To ensure the success of his community, Norris drained the creek that ran through the area to open up land for farming. He also recruited the railroad to run through the area and maintained the plank road that ran between Detroit and Mount Clemens, operating a tollbooth located in the village.

In 1870, Norris again traveled west, entering the Yellowstone Park area; he returned again in 1875. During this time, Norris wrote a series of articles on "The Great West" which were published in the Norris, Michigan Suburban.

== Yellowstone ==
In 1877, Norris became the second superintendent of Yellowstone National Park, a position he held until 1882. It was only in June 1878, however, that Congress finally approved a salary of $10,000 a year for the park's superintendent, as well as minimal funds "to protect, preserve, and improve the Park." Norris hired Harry Yount to control poaching and vandalism in the park, leading Yount to be considered the first National Park ranger.

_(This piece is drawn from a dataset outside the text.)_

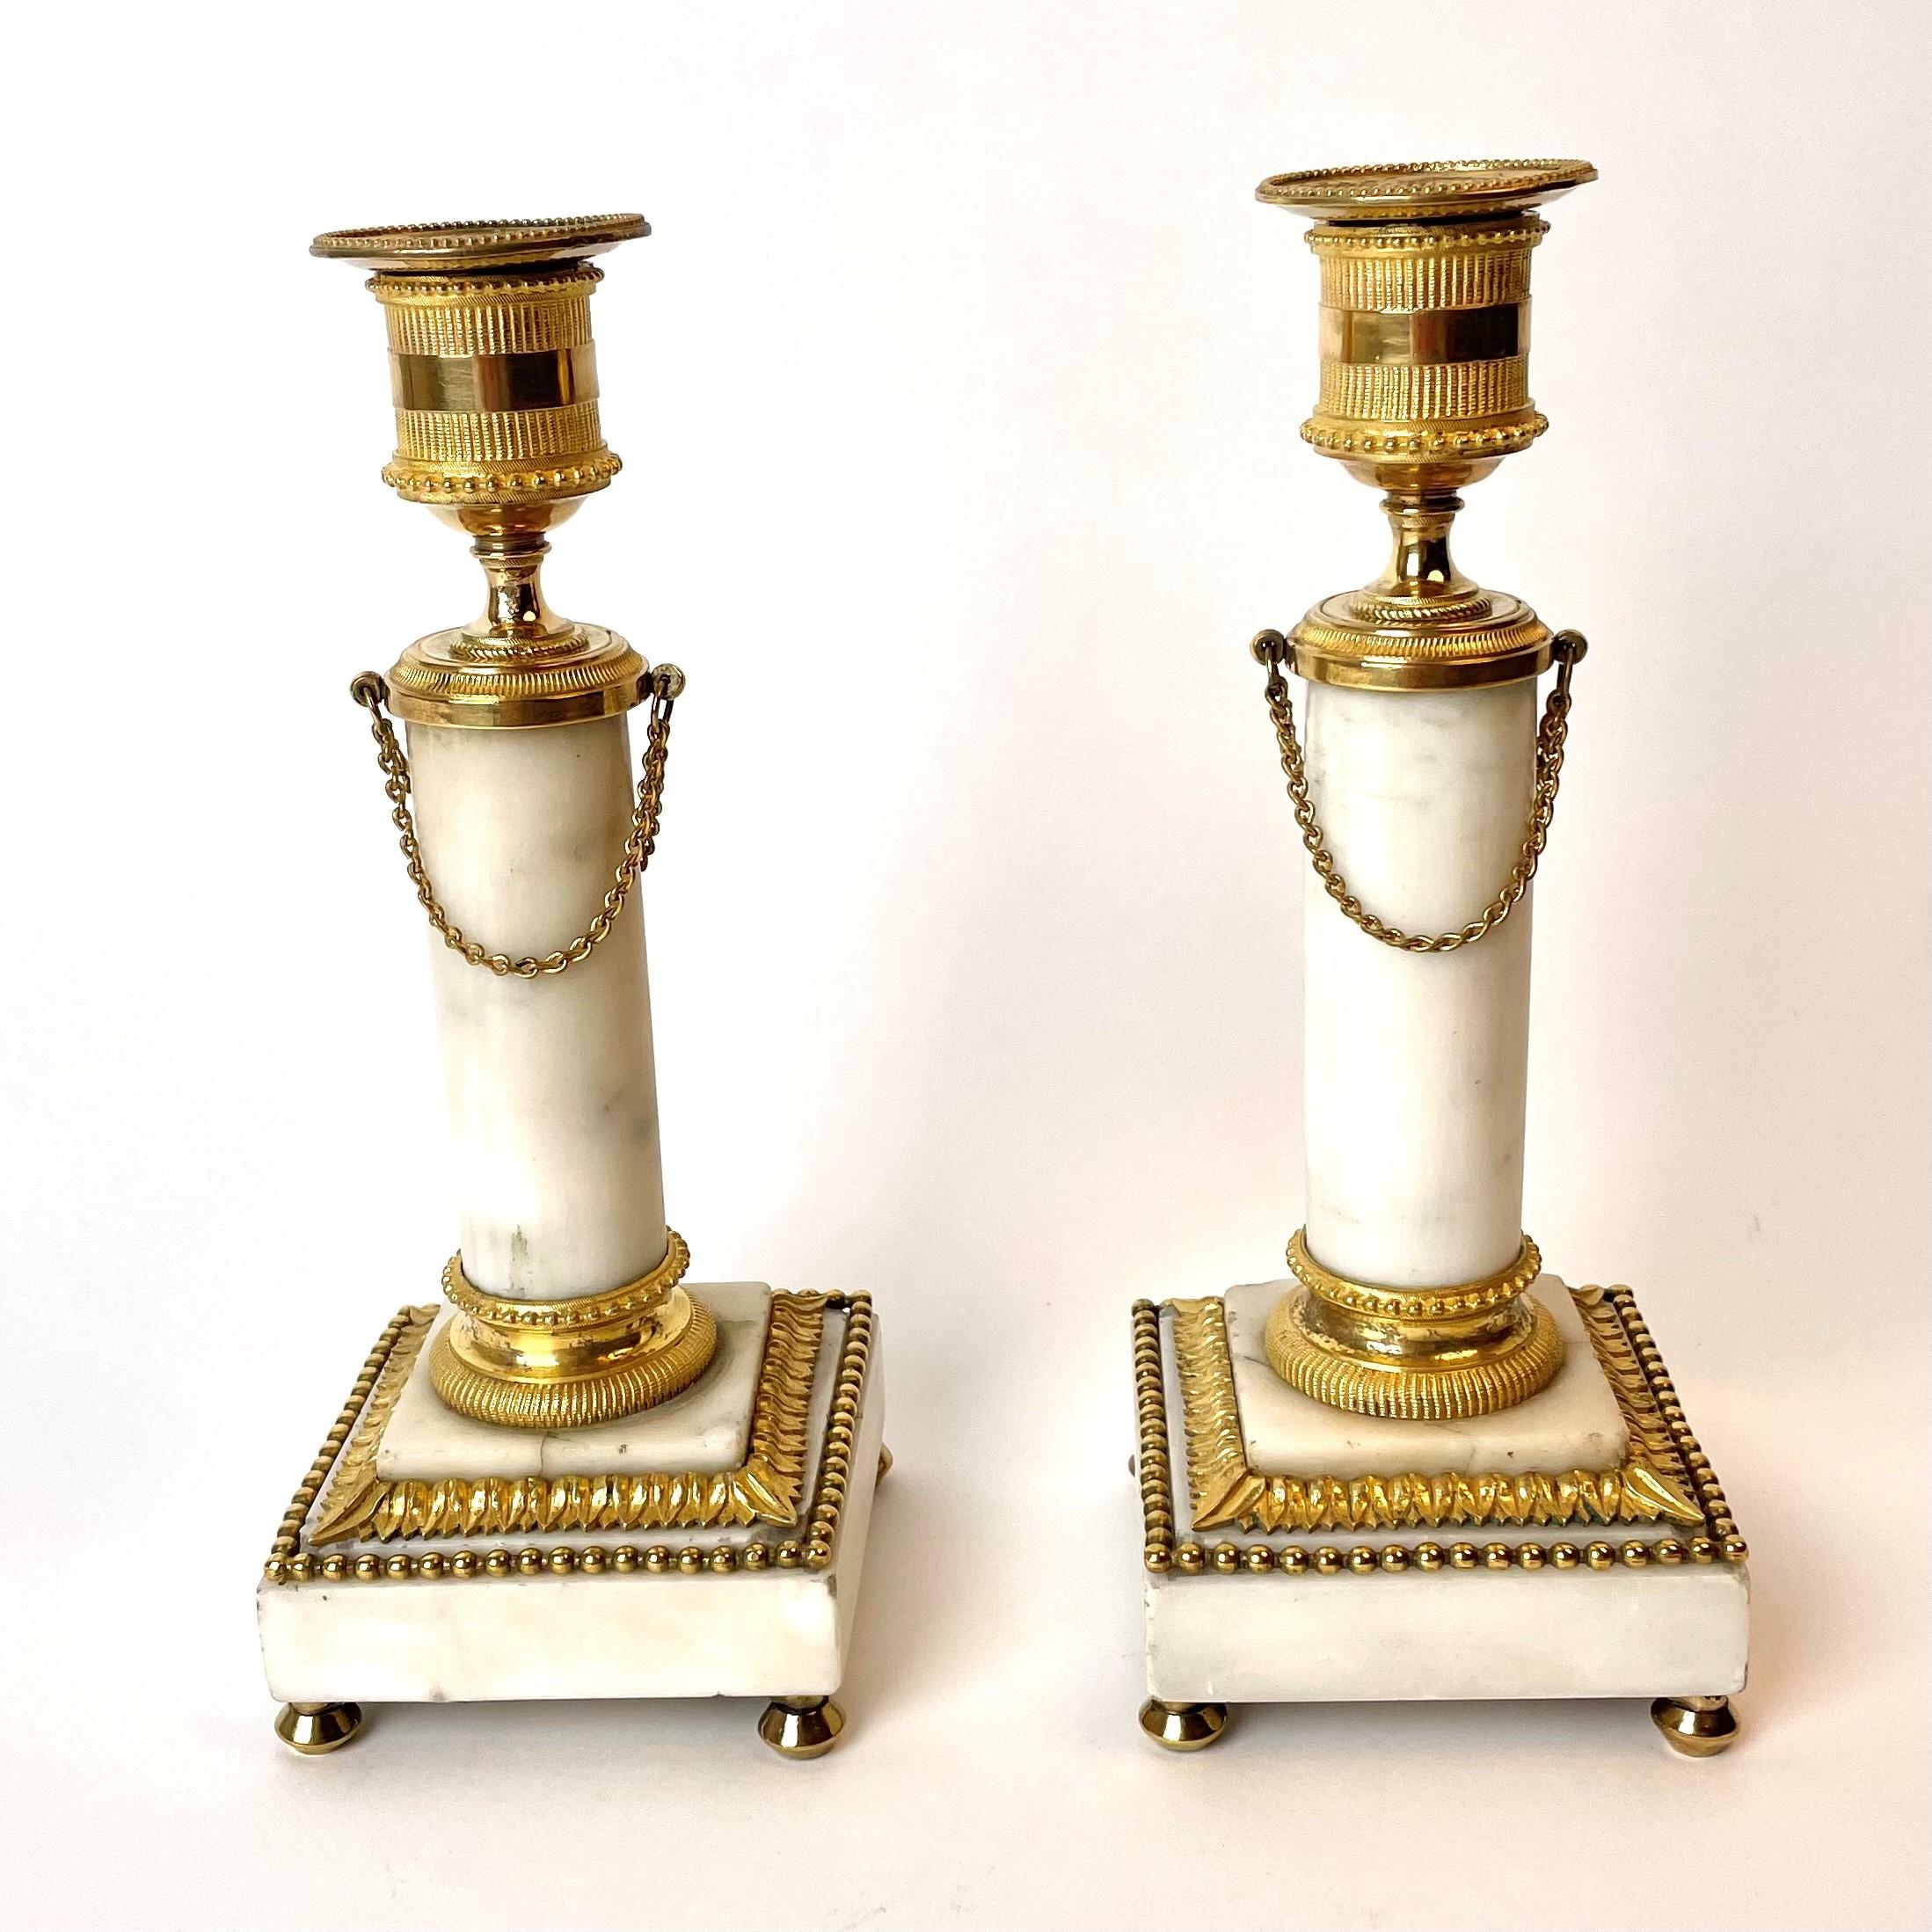 Louis XVI Pair Sophisticated Carrara Marble and Gilt Bronze Candlesticks from the 1780s For Sale

When Norris arrived in 1877 there were approximately 32 miles (51 km) of roads and 108 miles (173 km) of trails. By the time he left in 1882, there were five times as many roads and twice as many trails. The roads were crude and many described them as only "fair" wagon trails. Still, they provided access to "the land of wonders."

While superintendent, Norris published five annual reports. Three mountain peaks, including Mount Norris, one geyser basin, and one pass in Yellowstone are named after Norris.

== Afterward ==
Norris was removed from his post at Yellowstone in 1882 due to political maneuvering. In 1883, he published a volume of verse entitled, The calumet of the Coteau, and other poetical legends of the border. Also, a glossary of Indian names, words and western provincialisms. Together with a guide-book of the Yellowstone national park.

Afterward, he worked in ethnological research for the Smithsonian Institution. In 1885, Norris fell ill in Rocky Hill, Kentucky, while working for the Smithsonian. After a brief illness, he died in Rocky Hill, on January 14, 1885. He was buried at Elmwood Cemetery in Detroit three days later, and shortly thereafter his body was moved to Woodmere Cemetery.